In quel momento, 25 bombardieri a lungo raggio Tupolev erano già in volo da diverse ore, diretti sopra Raqqa. Guidati da una decina di satelliti, in due ondate, hanno compiuto 127 missioni, colpendo 206 obiettivi. Per la prima volta anche un sommergibile, il Rostov-na-Donu, ha partecipato alle operazioni, lanciando 34 missili cruise contro una dozzina di bersagli a Raqqa, Aleppo e Idlib. Nulla è stato lasciato al caso.

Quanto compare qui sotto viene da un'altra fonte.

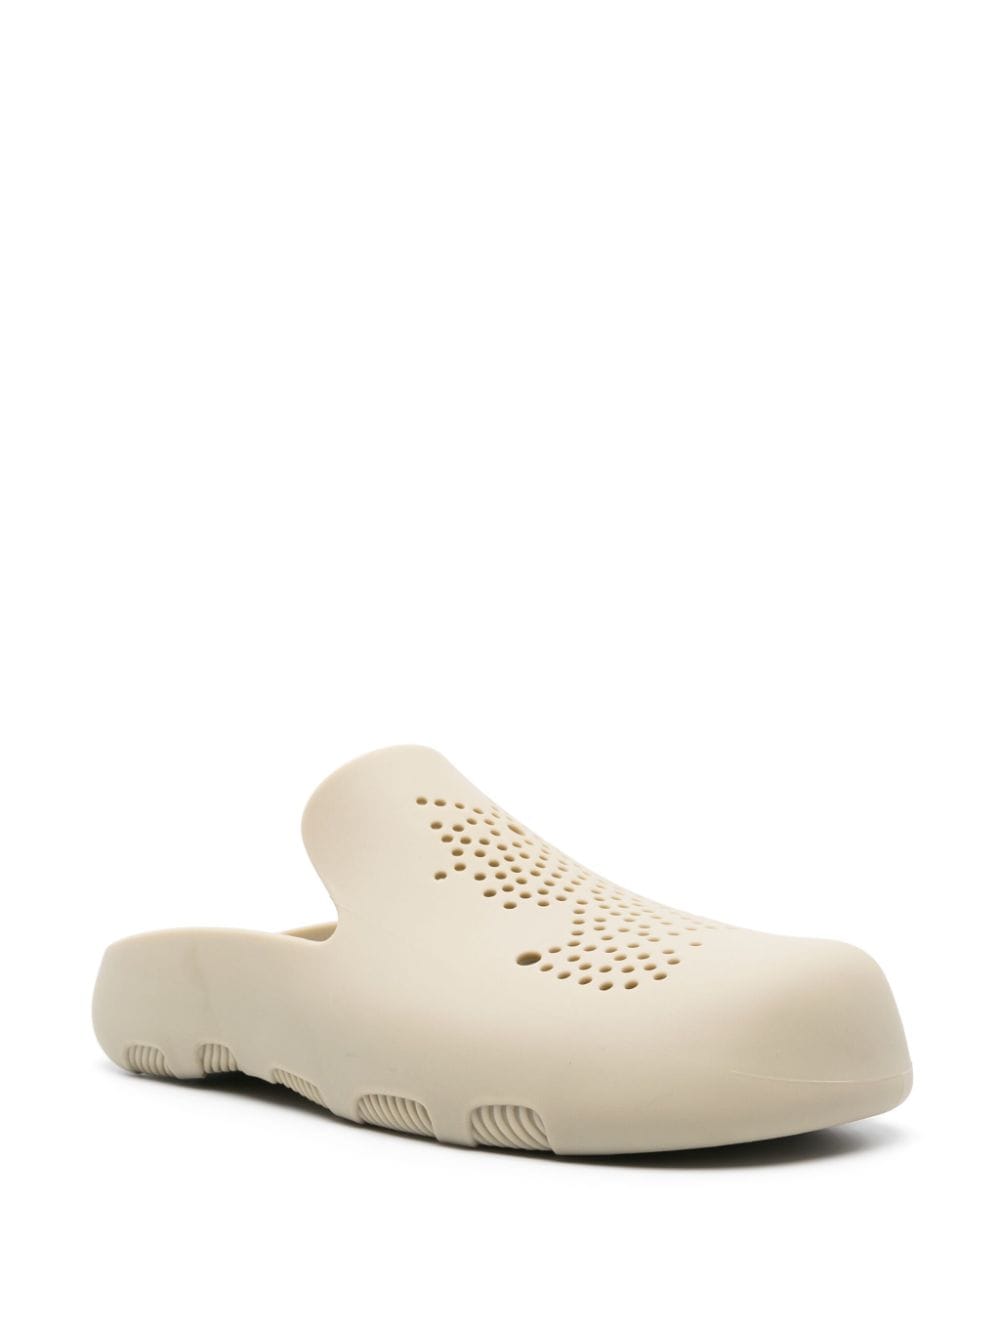 Burberry Stingray perforated clogs - Beige

A Washington un funzionario del Pentagono ha confermato che Mosca ha avvertito in anticipo i comandi americani dei raid, nel pieno rispetto dei protocolli di sicurezza concordati tra Russia e Stati Uniti in ottobre.
Il colloquio di Putin con il comandante della Moskva è stato mandato in diretta televisiva, con una scena da film di James Bond. Seduto accanto al ministro Shoigu nel Centro Operativo per la Difesa Nazionale, con la parete alle spalle coperta da una mappa luminosa della Siria, il presidente russo ha definito i francesi «alleati». Ed è uno sviluppo imprevedibile e paradossale, quello della marina russa che assiste le navi francesi nel Mediterraneo, a pochi mesi dalla decisione di Parigi di cancellare la vendita a Mosca delle due porta-elicotteri d’assalto della classe Mistral, già pronte per la consegna, a causa delle sanzioni per l’Ucraina.
Ma è l’intera dinamica strategica della lotta all’Isis e non solo di quella a cambiare radicalmente, in conseguenza degli attentati di Parigi. Senza la Russia non c’è lotta al Califfato, né pace possibile in Siria. L’uomo del Cremlino è di nuovo «salonfaehig», socialmente accettabile. Ieri, prima dei raid, Putin ha parlato al telefono con il presidente francese Hollande, che il 26 sarà a Mosca, di ritorno da Washington, per concordare i prossimi passi della guerra contro lo Stato islamico. Resta tutto da vedere dove possa portare la fine dell’isolamento e se lo Zar riuscirà, con i suoi comportamenti, a convincere i nuovi «alleati» ad allentare la morsa delle sanzioni. Ma oggi, il nemico è comune.